» INSTRUCTIONS FOR THE TASK
Ignoring pictures, transcribe exactly the lines between the one containing "Producer Larry Turman" and the end of the material, both included.
THE DATA START
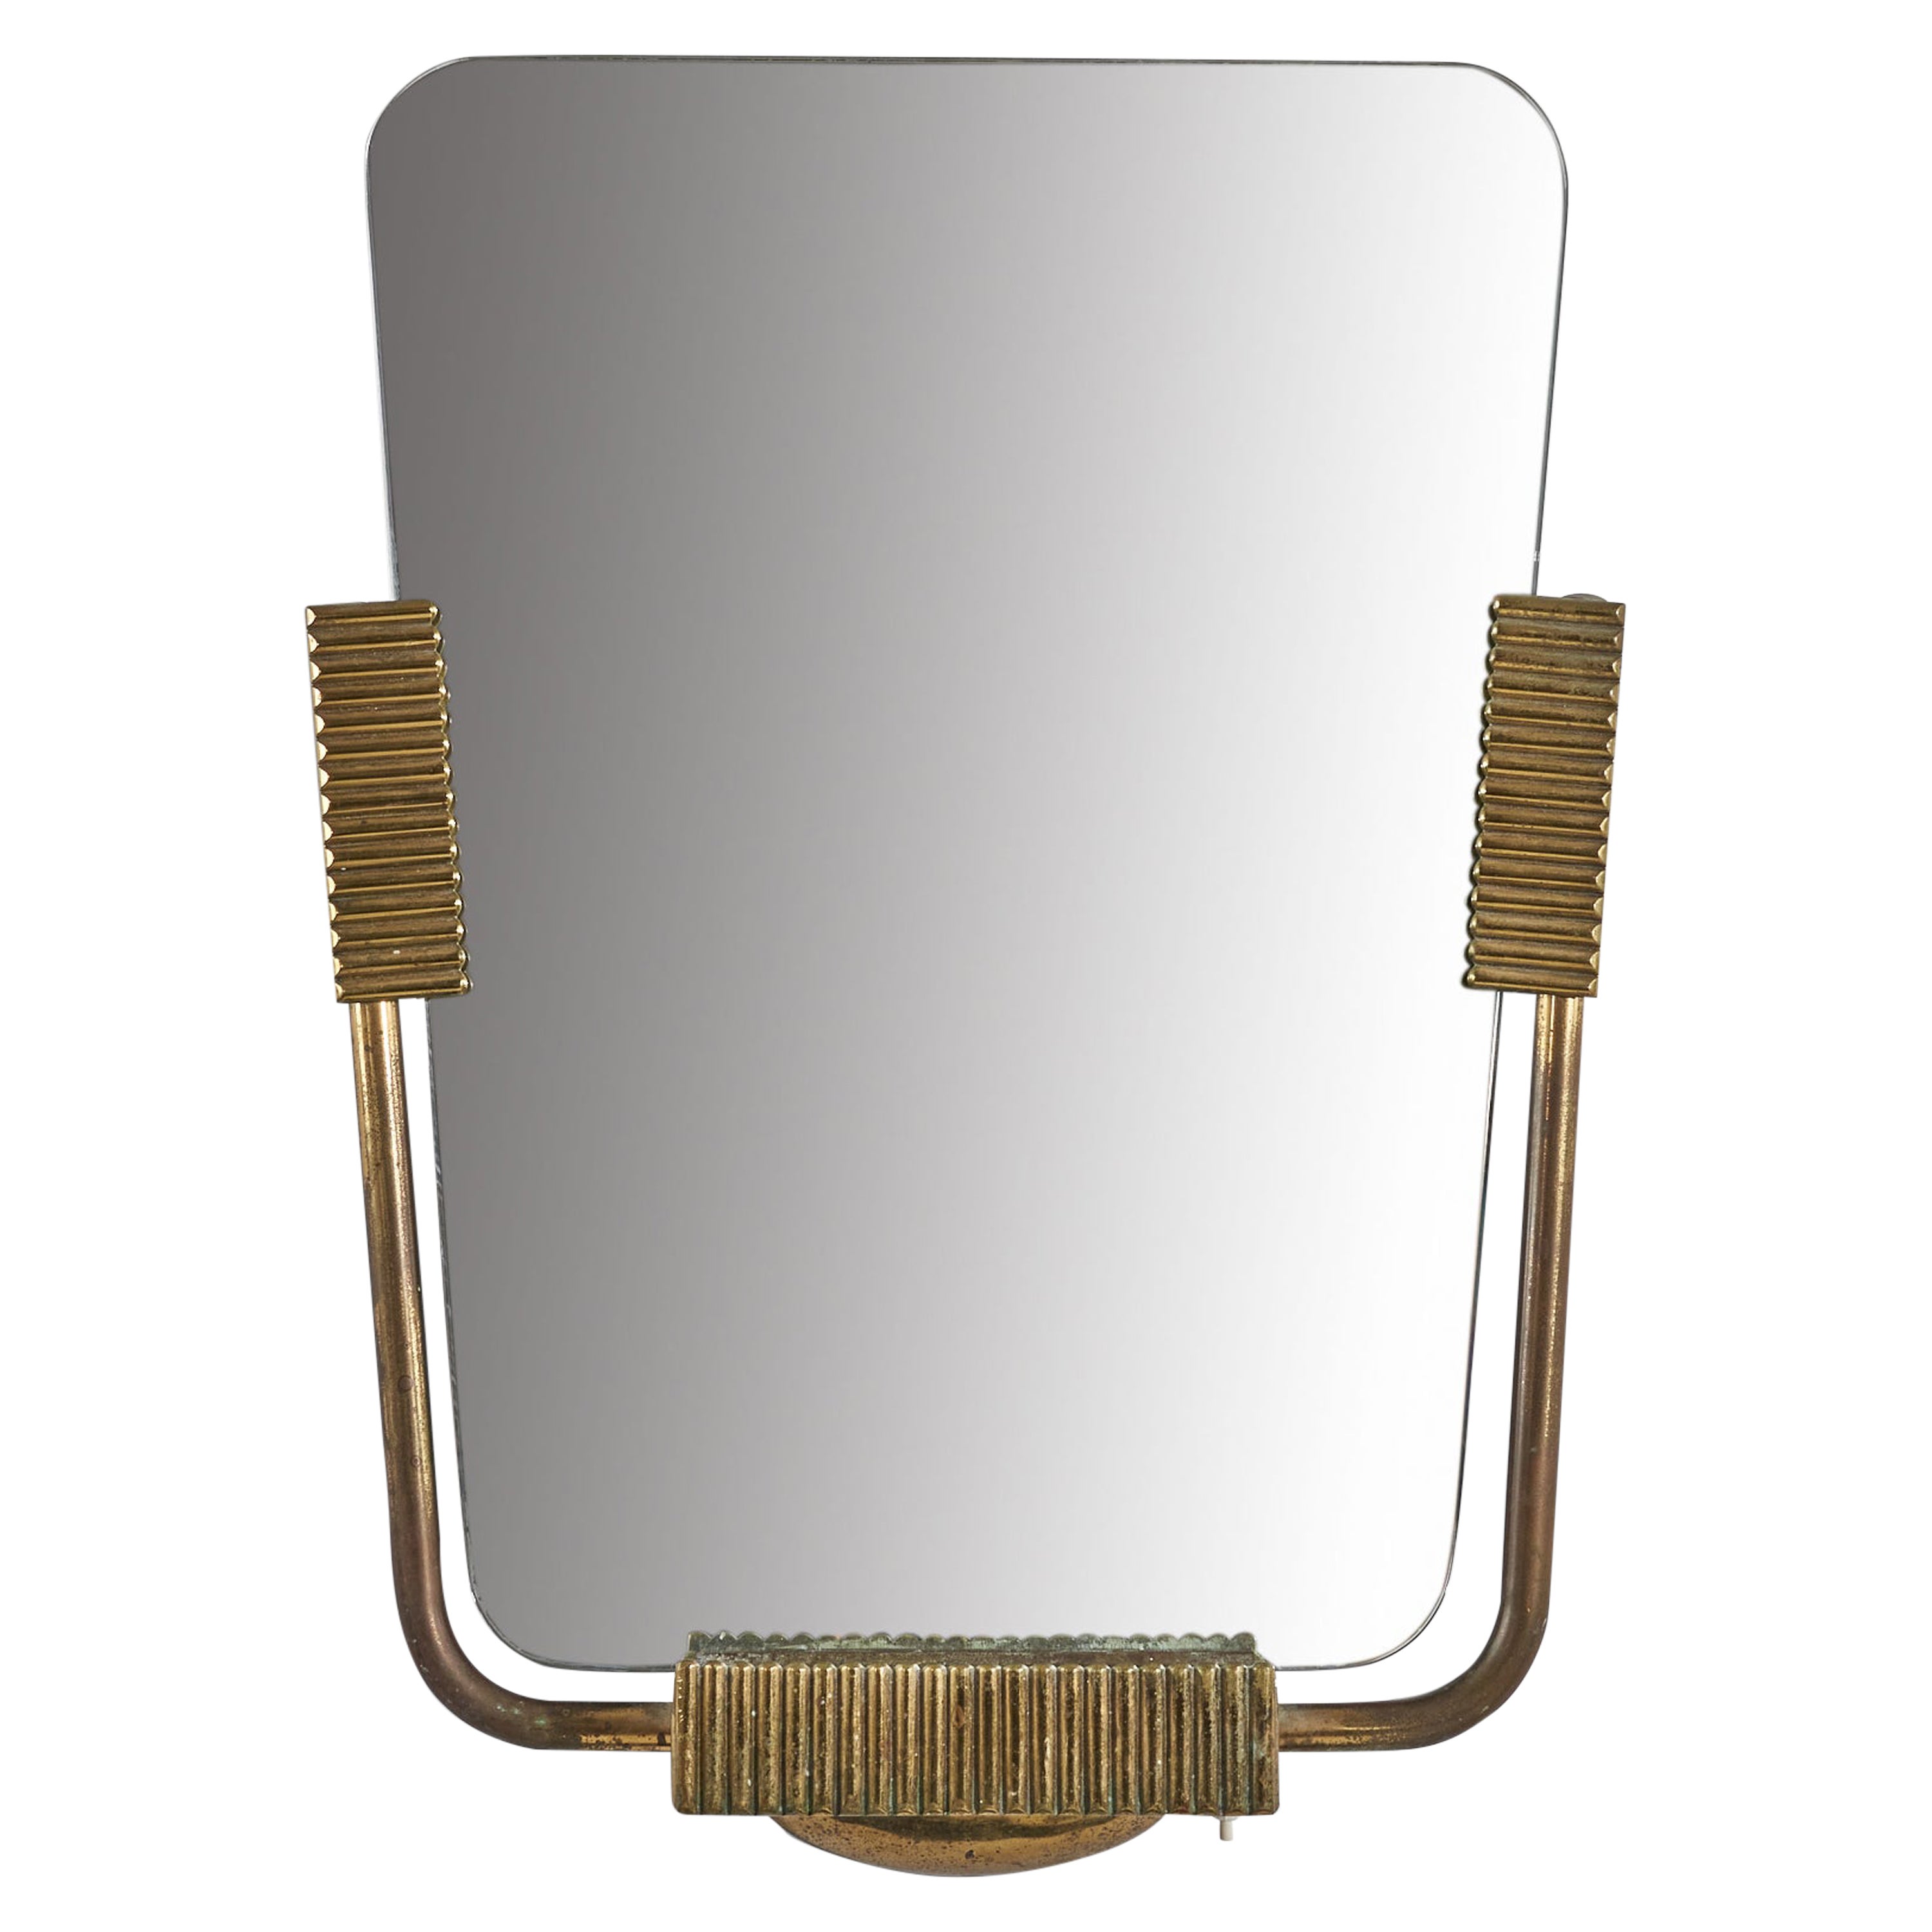 Italian Designer, Illuminated Wall Mirror, Brass, Mirror Glass, Italy, 1940s
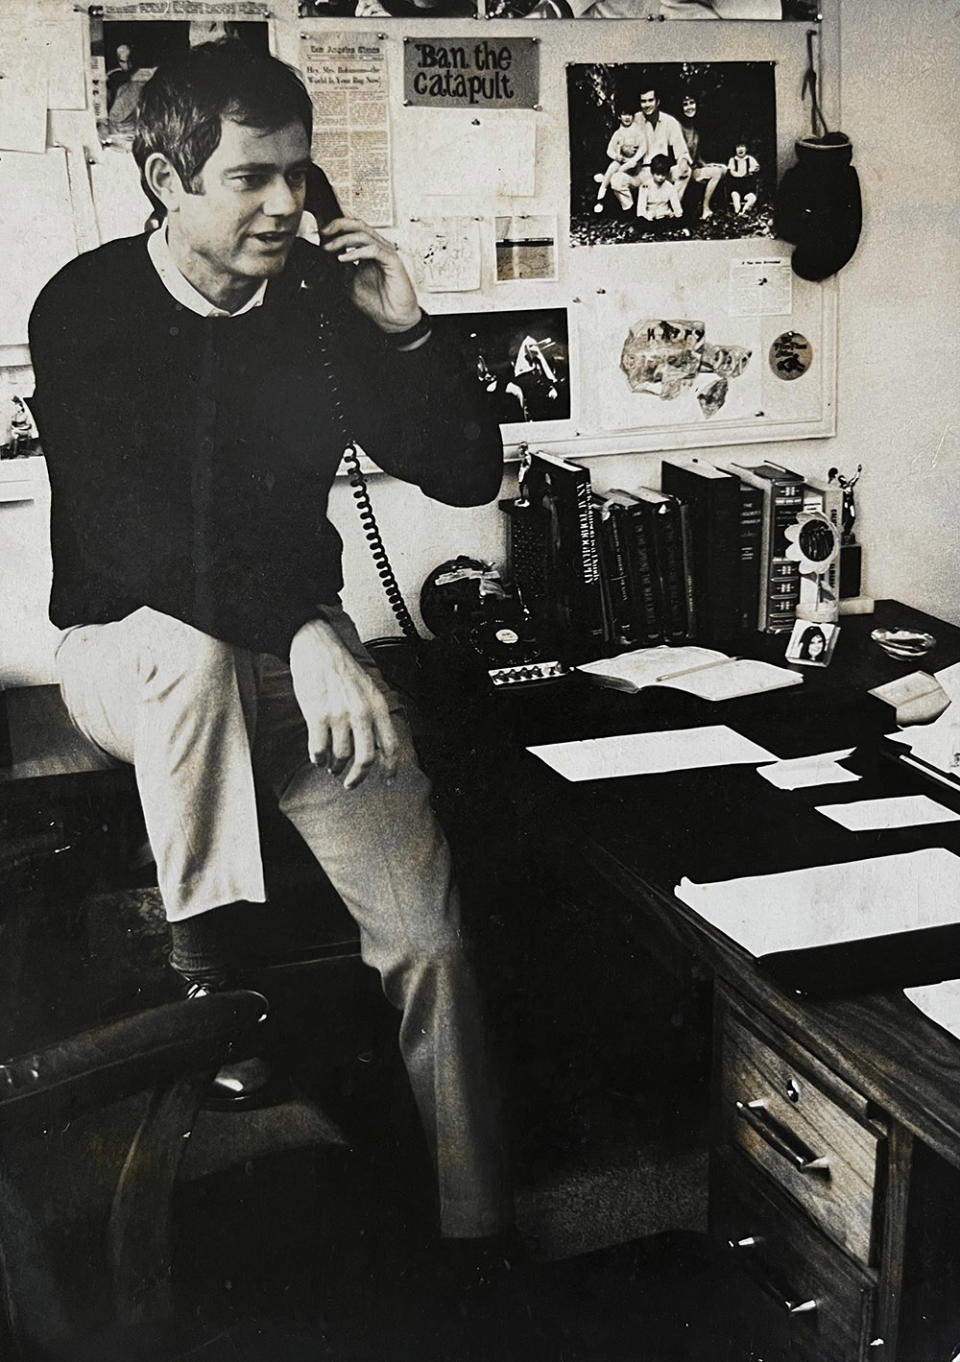 Producer Larry Turman
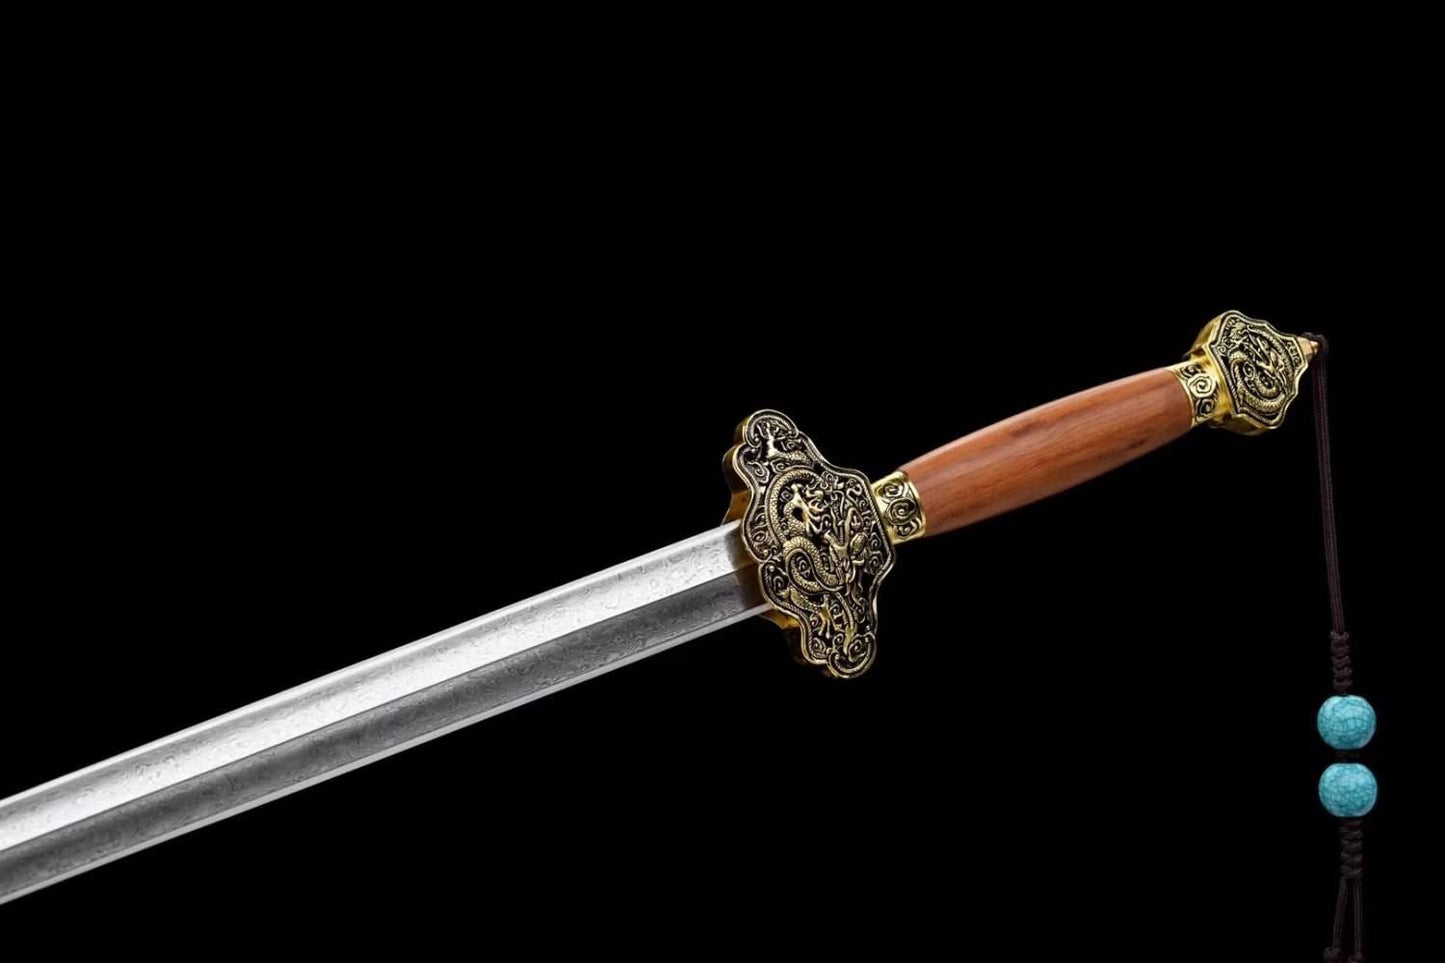 Nine Dragons Sword,Damascus Steel Blades,Golden Yellow Alloy Fittings
THE DATA END
» FINISHED TASK
 Producer Larry Turman
 Nine Dragons Sword,Damascus Steel Blades,Golden Yellow Alloy Fittings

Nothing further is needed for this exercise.